While the proportion of female directors in the FTSE 100 has risen from 12.5% to 23% in the past four years, a new survey by telecoms giant O2 has revealed that almost a fifth (17%) of working women feel it is “impossible” for them reach senior-management roles in their companies. The report – titled Breaking the Boardroom: A guide for British businesses on how to support female leaders of the future – also found that 45% of the 2,000 women surveyed think that females don’t hold enough of the senior posts in their company, while 48% said that all the key decision makers in their firms were male.

FTSE 100 in particular are under pressure over these issues, having until the end of the year to meet Lord Davies’ deadline for achieving 25% female representation in their boardrooms. But O2’s figures suggest that UK employers of all sizes still have their work cut out to make the promotion process more even handed for both genders.

O2 HR director – and board member – Ann Pickering said: “[These] findings make for uncomfortable reading. While the diversity debate has moved on outside of the office, not enough women are actually seeing this progress at work. If we’re to achieve sustainable and long-lasting change, we can’t just look at women already at the top. We need to focus our efforts on women at every level, creating a strong pipeline of female talent across British businesses.”

However, the report shows, the lack of women at the top in the UK has not stemmed from a lack of ambition. More than a quarter (28%) of those surveyed said they dream of being chief executive one day, while 35% plan to reach board level. Nonetheless, 32% of working women reported that their careers have failed to match their expectations. Those who said their careers had met or exceeded expectations cited “luck” as the chief factor to their success, over more tangible factors such as skill, ambition or determination.

Interestingly, though, when it came to criticisms of internal barriers that have prevented women from reaching their goals, a third of respondents blamed poor line management, 22% pointed to a lack of proper training or development and 28% cited negative office politics.

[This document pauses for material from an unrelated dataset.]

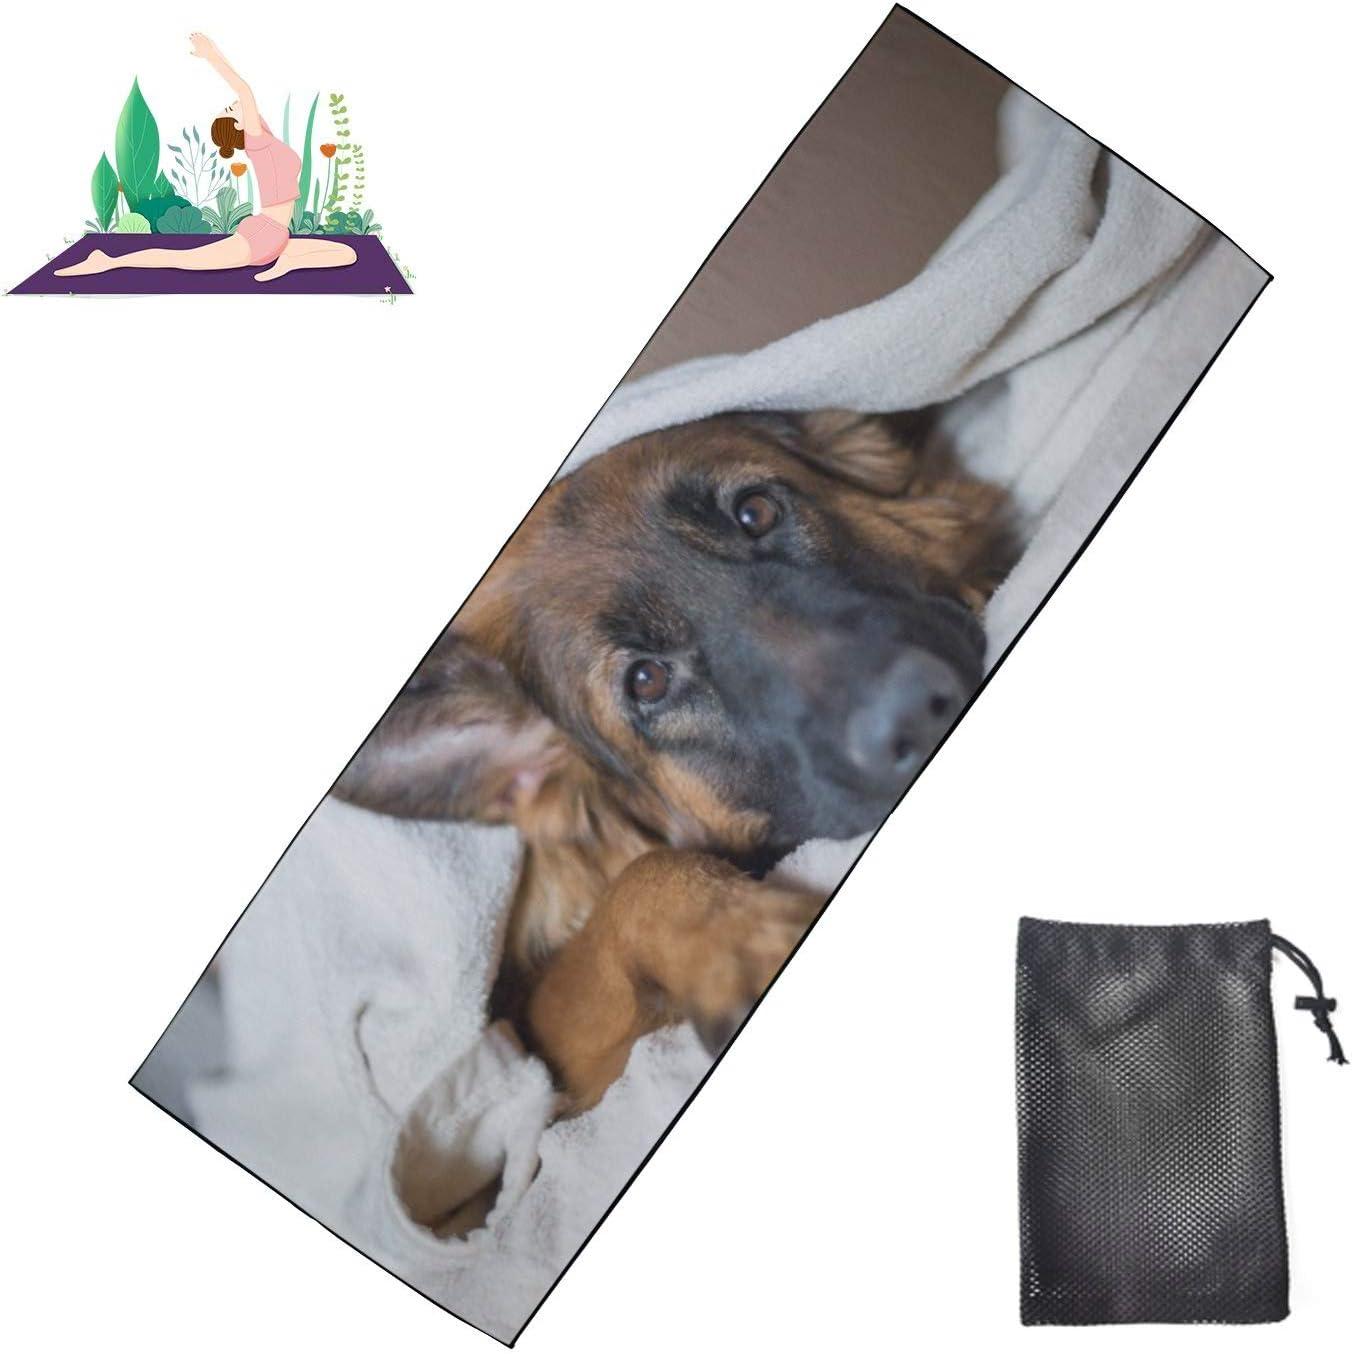 Huqalh Max 90% OFF Yoga Floor Mat Cute German Shepherd P On Bed A Blanket in New color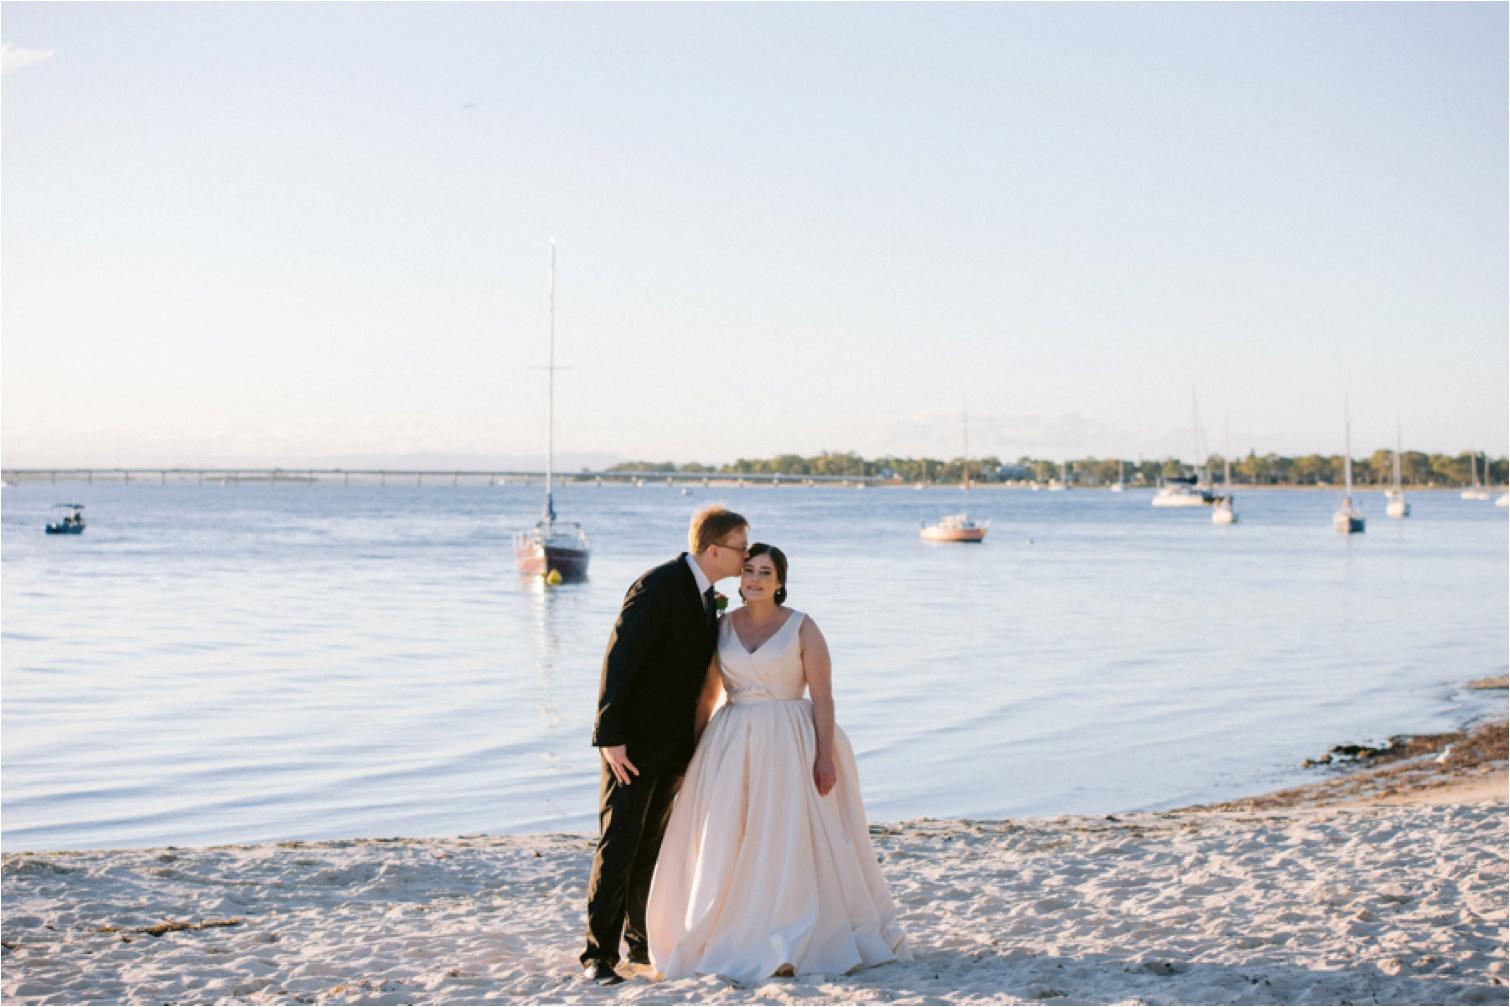 Bribie_Island_Beach_Wedding_Photography

Dianah Worman – public policy adviser for diversity at the Chartered Institute of Personnel and Development – said: “Anything that limits an organisation’s ability to appoint, promote and retain half of society’s potential leaders simply because of their gender has to be addressed. While there’s been genuine progress towards government targets to improve boardroom diversity, too much of this has been skewed towards non-executive positions. We’re calling on all parties in the forthcoming election to commit to a new voluntary target for at least 20% executive director positions in FTSE 100 firms to be filled by women by 2020.”